The first important Giudice of Arborea was Marianus I (ruled 1060 – 1070) of the Thori family. In 1070, his successor, Orzocorre I moved the capital from the ancient port of Tharros, which was exposed to Arab attacks, to Oristano. At about that time, Sardinia begins to emerge from obscurity and come into the historian's view. Under the ambitious Pope Gregory VII, then leading a papal reform, Sardinia was integrated into the wider Christendom. By the infusion of Western monasticism and Pisan ecclesiastic rule, she became involved in the conflicts and commerce of Europe.

Lacon-Gunale dynasty
Under Constantine I of the Lacon dynasty, Arborea paid tribute to the papacy and sponsored Camaldolese monks, in opposition to the monks of Marseille favoured by rival Cagliari. Constantine did homage to Pisa for his kingdom and  his successor was his brother Comita II. When Pope Innocent II divided Sardinia between the sees of Pisa and Genoa in 1133, Arborea fell to the former, but Comita, for reasons of furthering Arborean independence, allied with Genoa during the subsequent civil wars of that decade. In 1145, Comita was excommunicated by Baldwin, Archbishop of Pisa, and the kingdom of Arborea was nominally transferred to Logudoro.

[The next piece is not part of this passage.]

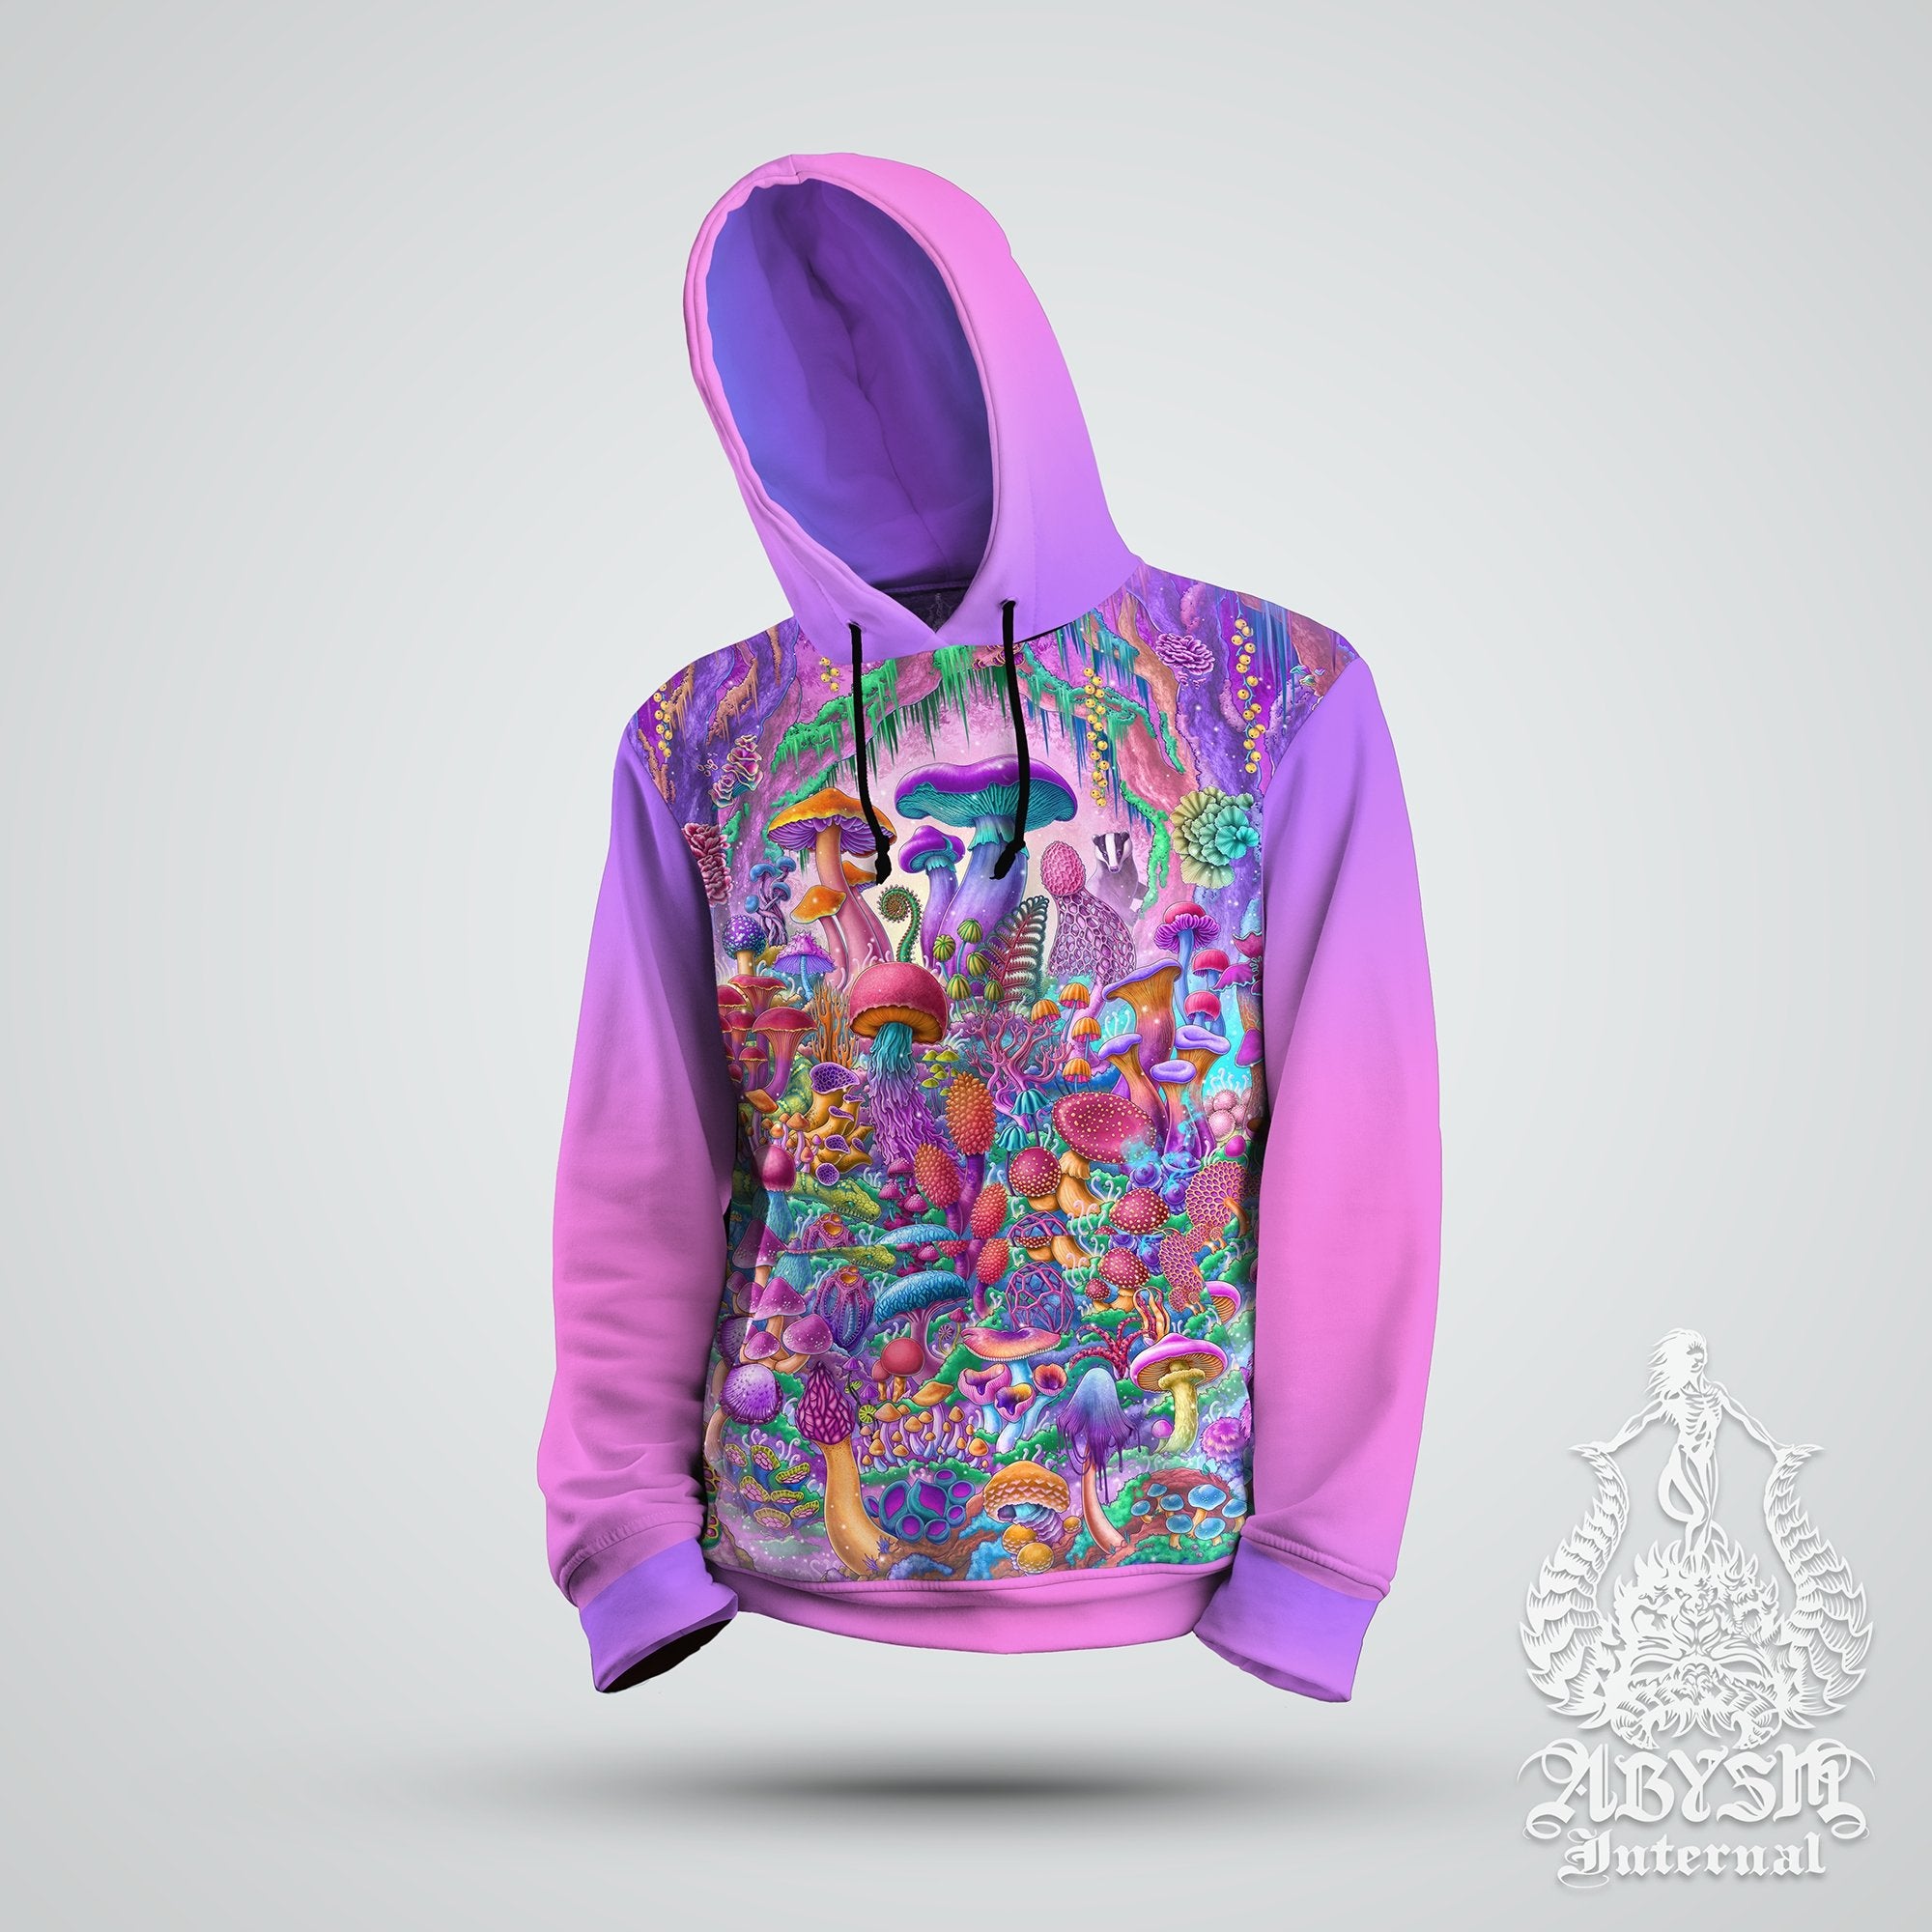 Mushrooms Hoodie, Trippy Aesthetic Pullover, Festival Outfit, Psychedelic Magic Shrooms, Pastel Girl Streetwear, Indie Alternative Clothing, Unisex - Abysm Internal

Comita's son and successor, Barison II, put Arborea back on good terms with Pisa. He married into the Catalan nobility, creating ties to Spain which culminated in Sardinia falling to the Crown of Aragon some centuries later. In 1164, Barison paid the Holy Roman Emperor Frederick Barbarossa to have him crowned King of Sardinia, but the emperor revoked that title the next year, though Barison continued to employ it. He finally left Pisa for Genoa, but his legacy was civil war. His son Peter I and grandson Hugh I finally divided the kingdom by the Treaty of Oristano (1192), but in the end Hugh's line, the House of Cervera (or Bas), succeeded in establishing themselves.

De Serra-Bas dynasty
While Peter II, son of Hugh, has been accused by historians of impoverishing his realm of glory, his son Marianus II expanded it substantially, even ruling over a majority of the island. During the final decades of the 13th century, three other giudicati fell into the hands of either Pisa or Genoa or one of their great families, but Arborea remained independent.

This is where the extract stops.